| Dataset excerpt |
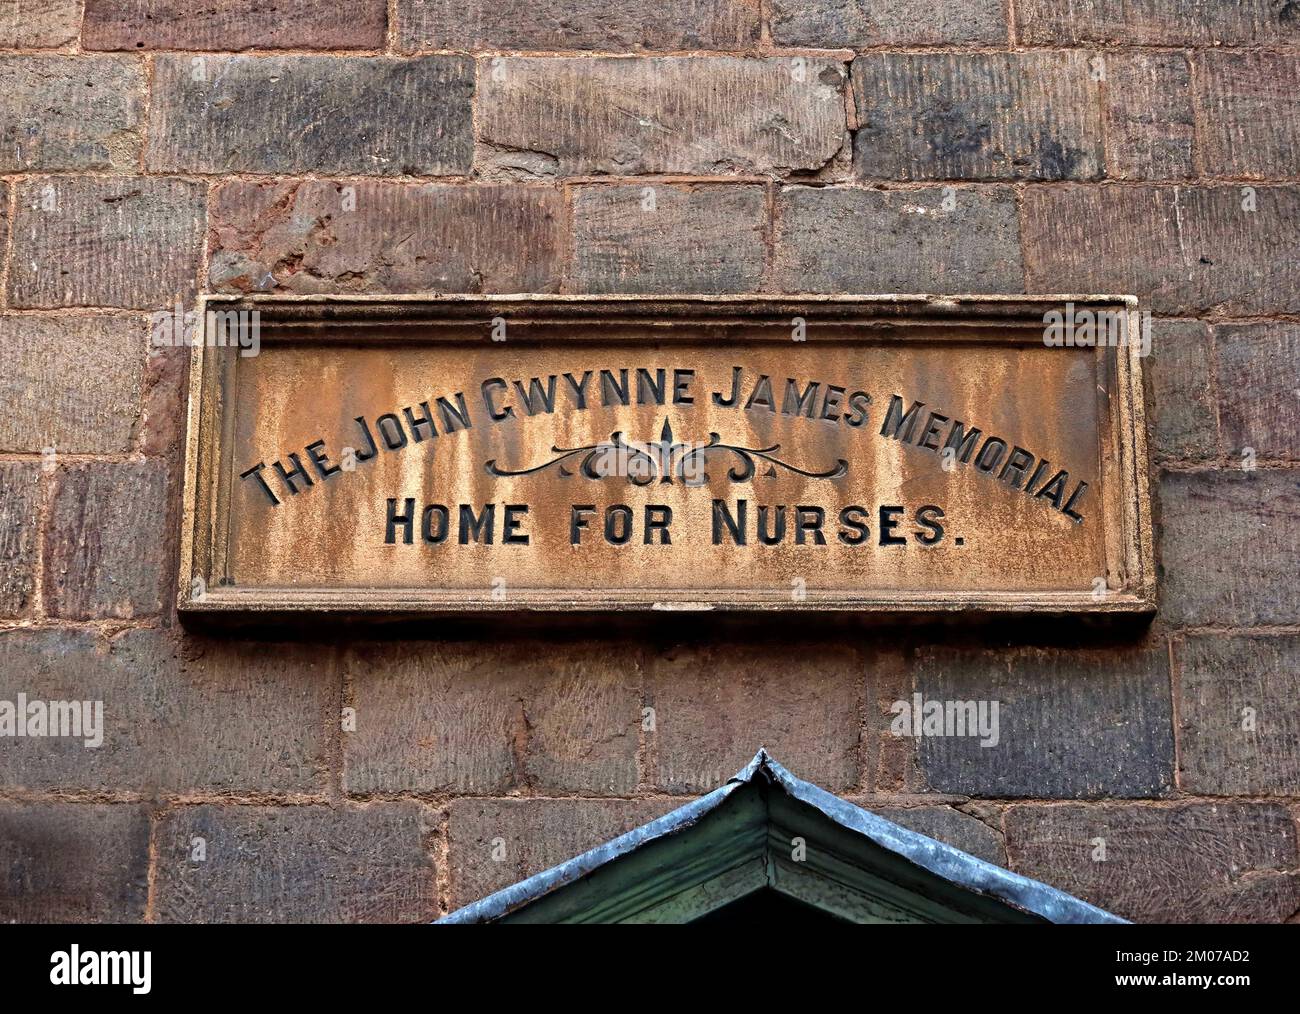 Le John Gwynne James, maison commémorative, pour les infirmières, 33, rue Bridge, Hereford, Herefordshire, Angleterre, Royaume-Uni, HR4 9DG Banque D'Images
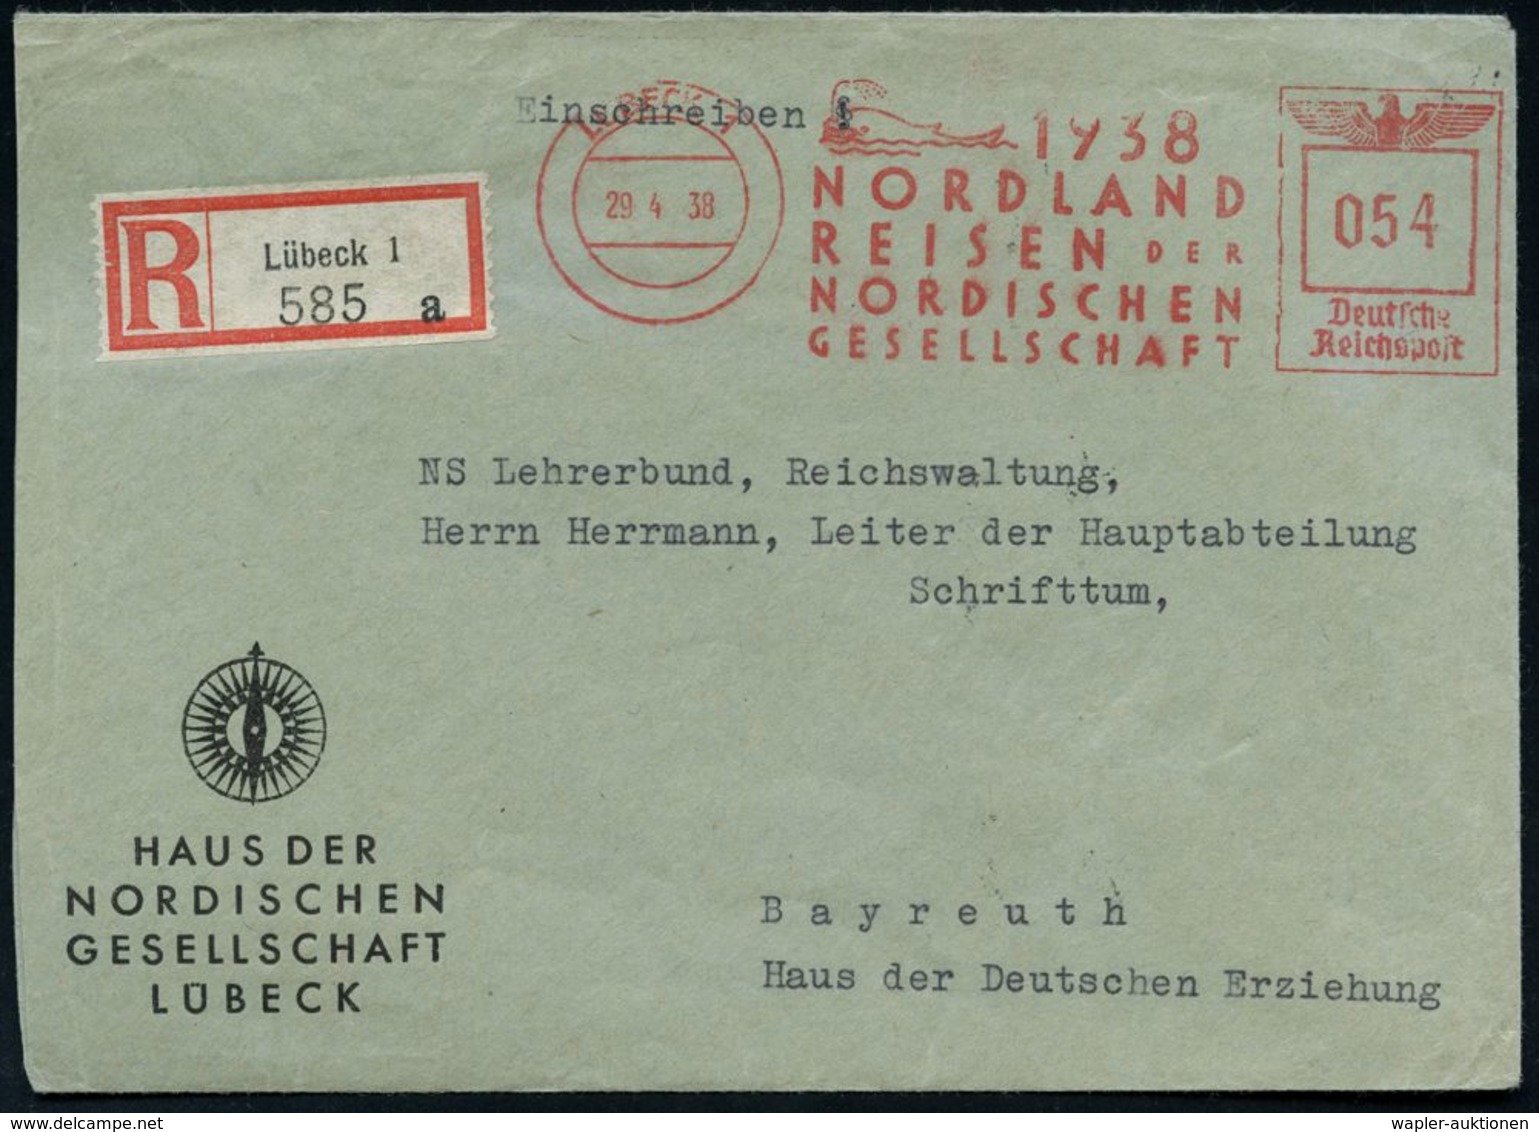 LÜBECK 1/ 1937/ NORDLAND/ REISEN DER/ NORDISCHEN/ GESELLSCHAFT 1938 (29.4.) Sehr Seltener AFS 054 Pf. = Wal (bläst Wasse - Arktis Expeditionen
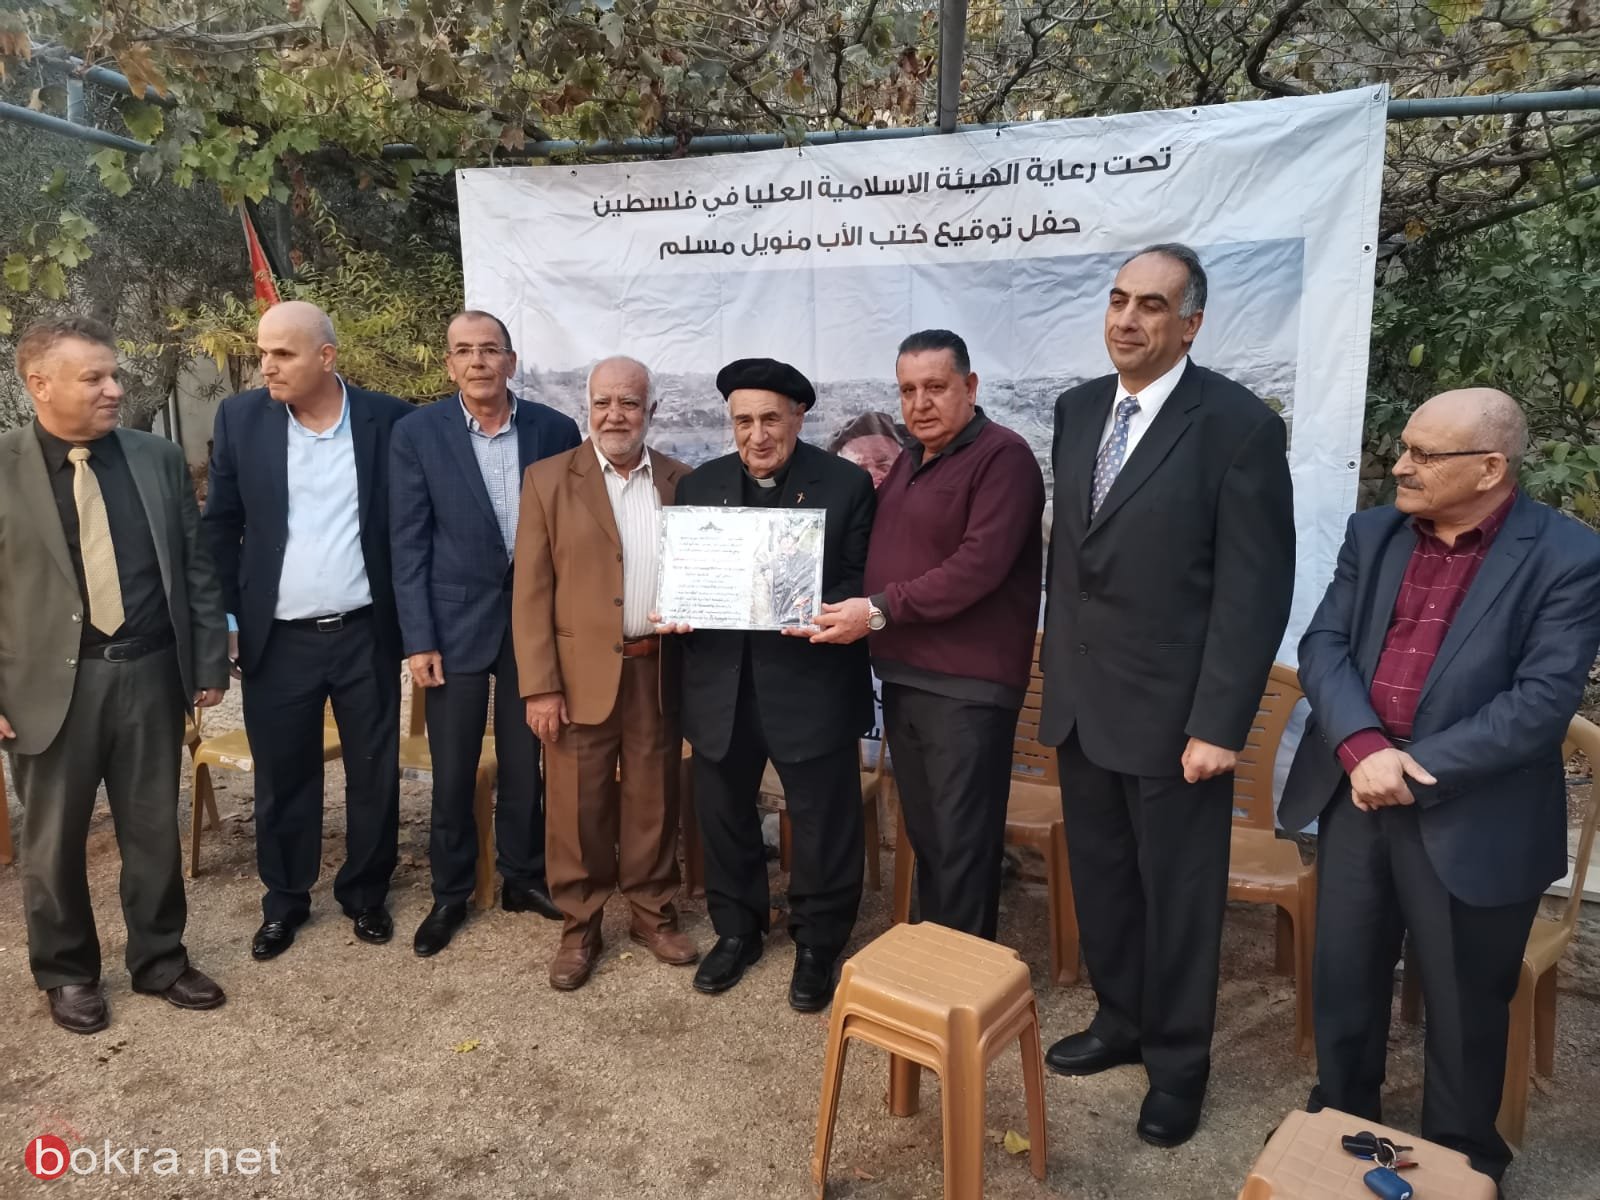 مجموعة الاخوة المقدسيين تكرم الأب مناويل مسلم لمواقفه تجاه القدس وفلسطين-2

| Exercise instructions |
A verbatim retyping of the listing, without any pictures, is the expected answer.

| Written solution |
 Le John Gwynne James, maison commémorative, pour les infirmières, 33, rue Bridge, Hereford, Herefordshire, Angleterre, Royaume-Uni, HR4 9DG Banque D'Images
 LÜBECK 1/ 1937/ NORDLAND/ REISEN DER/ NORDISCHEN/ GESELLSCHAFT 1938 (29.4.) Sehr Seltener AFS 054 Pf. = Wal (bläst Wasse - Arktis Expeditionen
 مجموعة الاخوة المقدسيين تكرم الأب مناويل مسلم لمواقفه تجاه القدس وفلسطين-2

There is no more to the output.